We have the .txt files for these pages in the examples folder for the ChromaDocumentStore, so we are using the TextFileToDocument and DocumentWriter components to build this indexing pipeline.

# Fetch data files from the Github repo
!curl -sL https://github.com/deepset-ai/haystack-core-integrations/tarball/main -o main.tar
!mkdir main
!tar xf main.tar -C main --strip-components 1
!mv main/integrations/chroma/example/data .

import os
from pathlib import Path

from haystack import Pipeline
from haystack.components.converters import TextFileToDocument
from haystack.components.writers import DocumentWriter

from haystack_integrations.document_stores.chroma import ChromaDocumentStore

file_paths = ["data" / Path(name) for name in os.listdir("data")]

# Chroma is used in-memory so we use the same instances in the two pipelines below
document_store = ChromaDocumentStore()

indexing = Pipeline()
indexing.add_component("converter", TextFileToDocument())
indexing.add_component("writer", DocumentWriter(document_store))
indexing.connect("converter", "writer")
indexing.run({"converter": {"sources": file_paths}})

Query Pipeline: build retrieval-augmented generation (RAG) pipelines

Once we have documents in the ChromaDocumentStore, we can use the accompanying Chroma retrievers to build a query pipeline. The query pipeline below is a simple retrieval-augmented generation (RAG) pipeline that uses Chroma’s query API.

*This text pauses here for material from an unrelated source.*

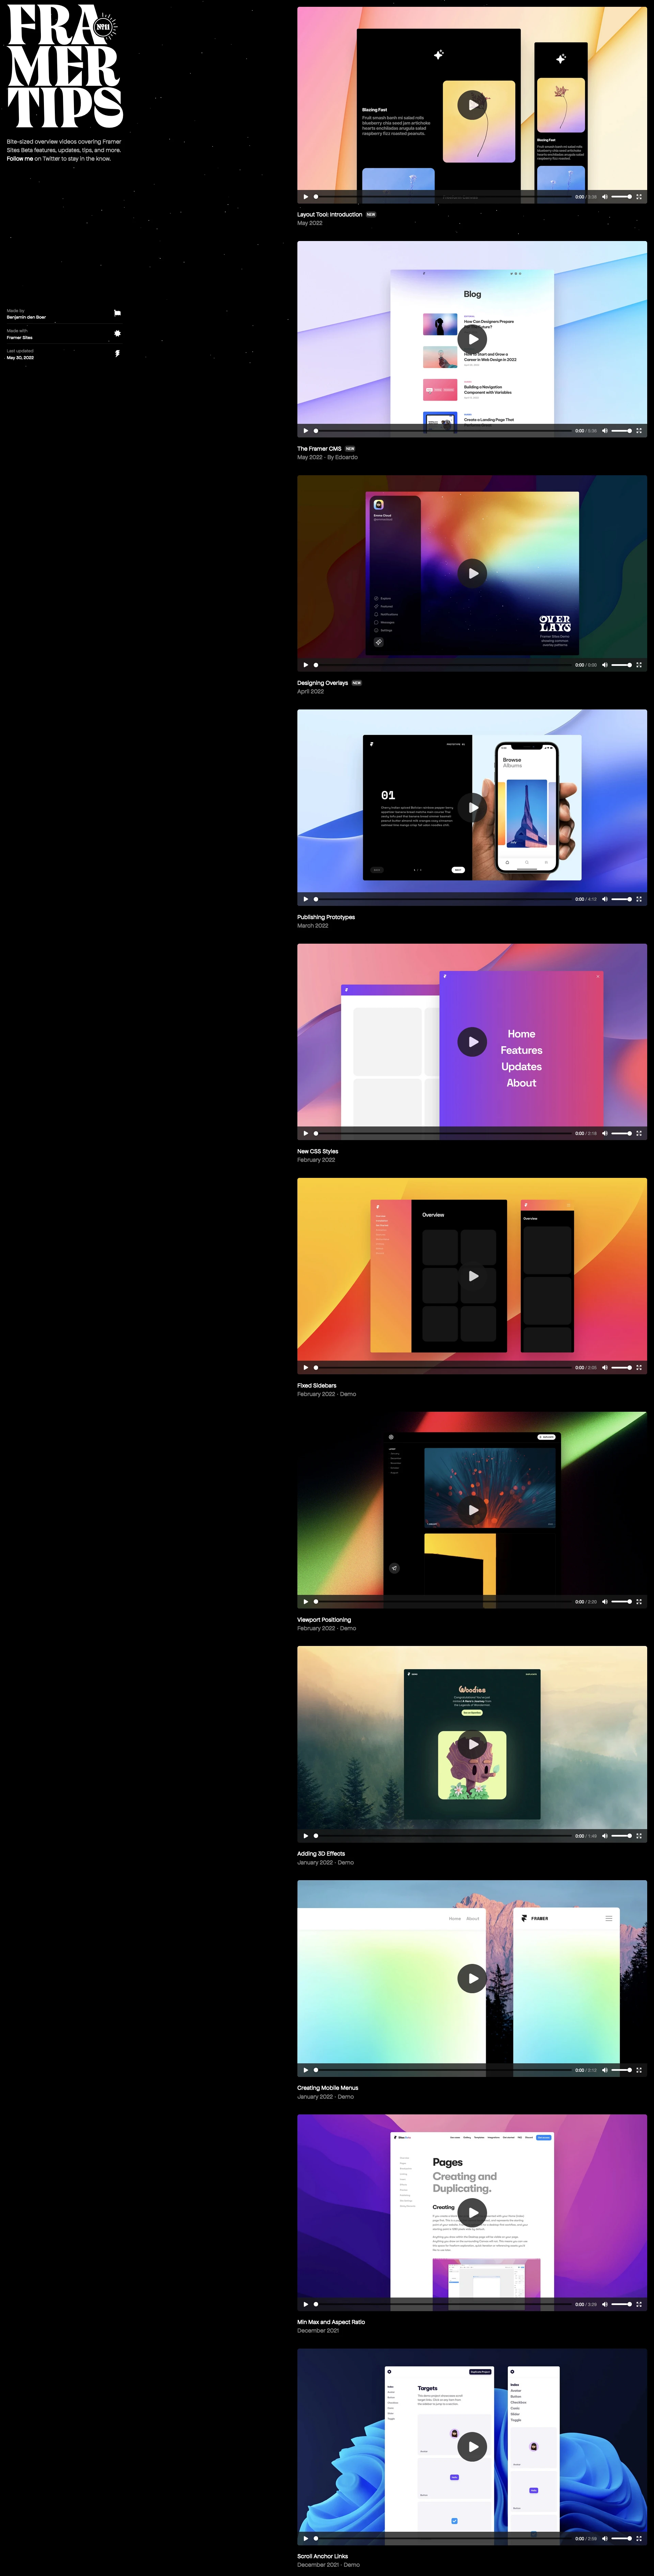 Framer Tips Landing Page Example: Bite-sized overview videos covering Framer Sites features, updates, tips, and more.
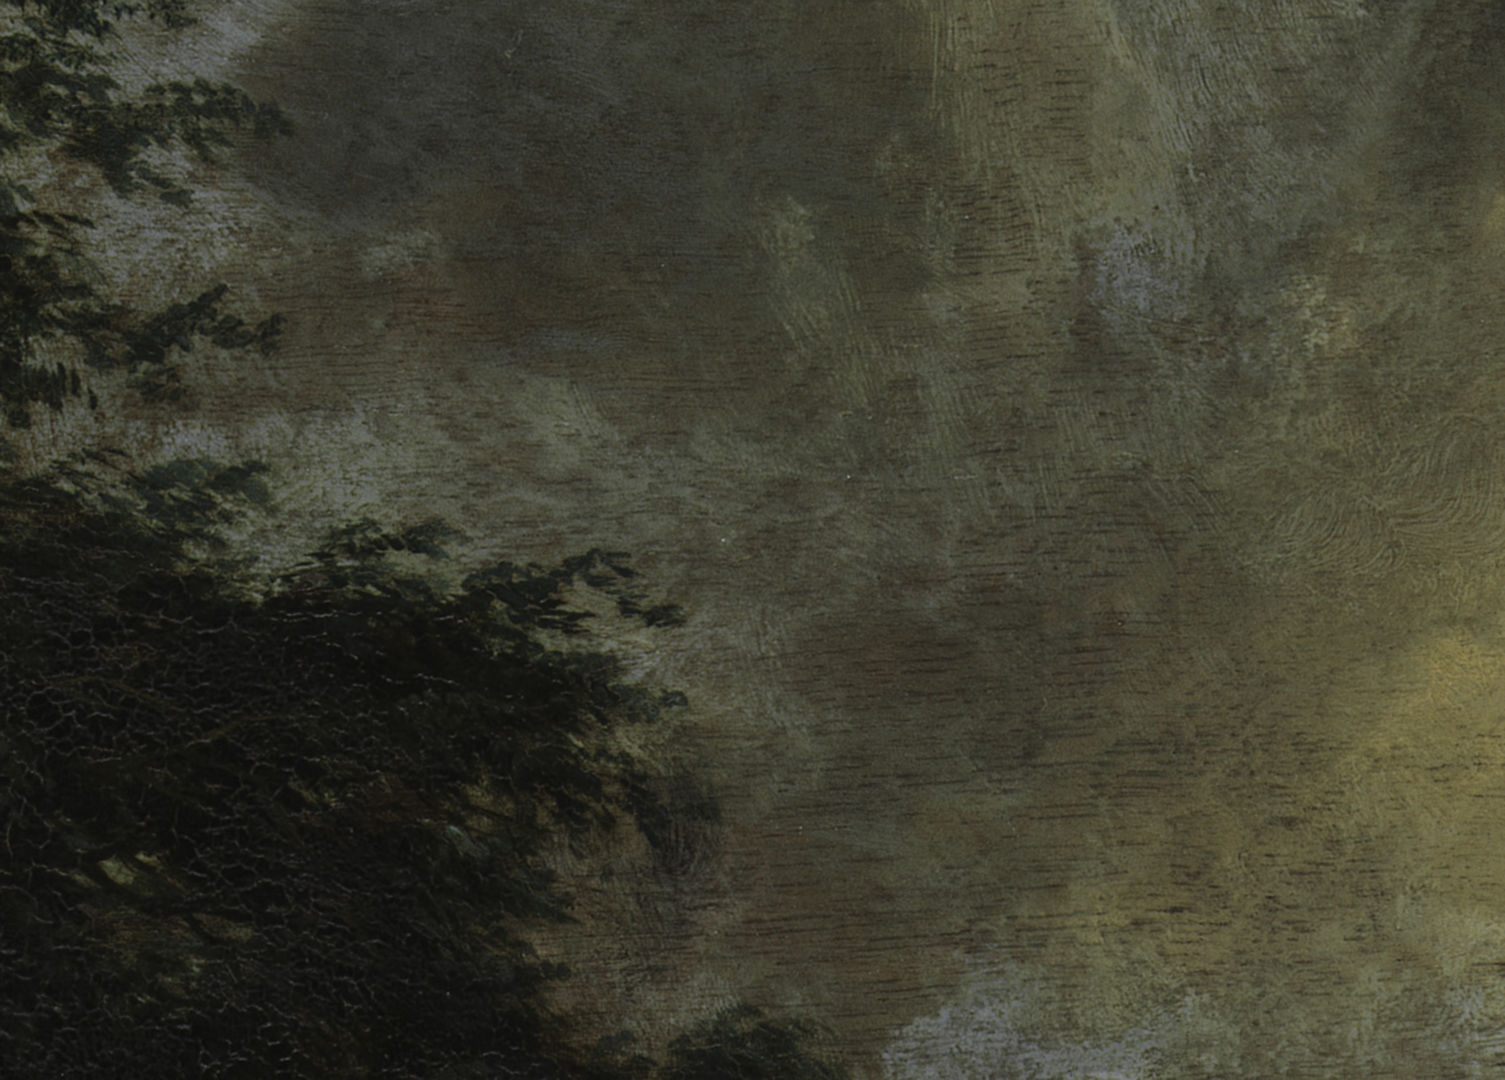 Fig. 4. Detail from Meyndert Hobbema, Village Among Trees, 1655. The Frick Collection, New York, Henry Clay Frick Bequest (1902.1.73). This detail, before treatment, shows the transparency caused by soap formation that makes the dark pores of the wood grain visible.

You can change the idnexing pipeline and query pipelines here for embedding search by using one of the Haystack Embedders accompanied by the ChromaEmbeddingRetriever.

In this example we are using:

The HuggingFaceAPIGenerator with zephyr-7b-beta. (You will need a Hugging Face token to use this model). You can replace this with any of the other Generators
The PromptBuilder which holds the prompt template. You can adjust this to a prompt of your choice
The ChromaQueryRetriver which expects a list of queries and retieves the top_k most relevant documents from your Chroma collection.

import os
from getpass import getpass

os.environ["HF_API_TOKEN"] = getpass("Enter Hugging Face API key:")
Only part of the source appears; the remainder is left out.